# [Indian NR] 3BLD: 53.52, Sonu Sunil



## kunparekh18 (Feb 23, 2014)

Awesome solve. Congrats Sonu!


----------



## siva.shanmukh (Feb 26, 2014)

And here is the reconstruction that I posted in FB.
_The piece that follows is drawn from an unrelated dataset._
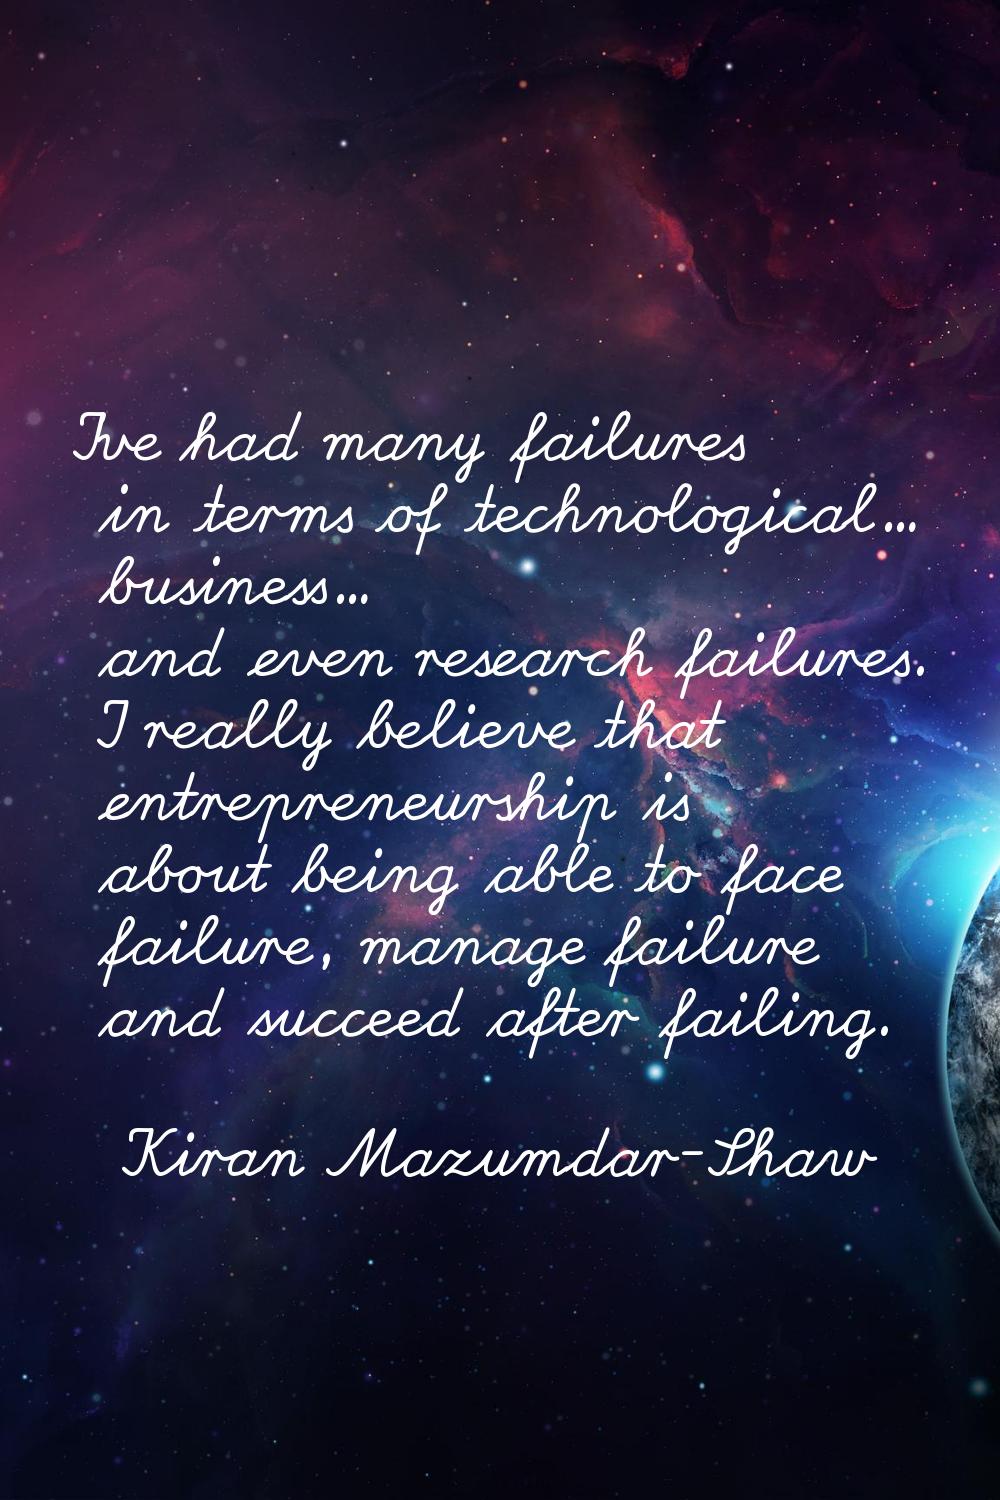 I've had many failures in terms of technological... business... and even research failures. I reall

Commified alg.garron link http://tinyurl.com/algx2UU-LUM2z-x

My first reconstruction!

Scramble: R2 B R2 B' L2 D2 U2 F2 D2 U2 F D U' F' D2 R' B2 U L2 F' L' Uw

Memo:
Starting position:
x2

Edges:
Buffer(DF)
BL UL FU BD BU DR BR FL LD UR
Flip FR and FD

Corners:
Buffer(UBL)
RBU RFD FRU FLD DBR FUL

Exec:
(The numbers before each line tells how many pieces it solves)
Edges: 
2 L U M2 U' L' U M2 U'
2 z' x U' M U' R2 U M' U' R2 U2 x' z
2 U2 x M' U R U' M U R' U' x' U2
0 R' U' U R
1 U R' U' M2 U R U'
1 U' L' U M2 U' L U
1 x' U L U' M2 U L' U' x
1 R' U R U' M2 U R' U' R

Flipped Edges:
R M' U M' U M' U M U M' U M' U M' U M U R'

Corners:
2 U' L' U R2 U' L U R2
2 x U R' D2 R U2 R' D2 R U x'
2 x D2 R U2 R' D2 R U2 R' x'

Parity:
F R U' R' U' R U R' F' R U R' U' R' F R F'


----------



## kunparekh18 (Feb 26, 2014)

Awesome reconstruction!


----------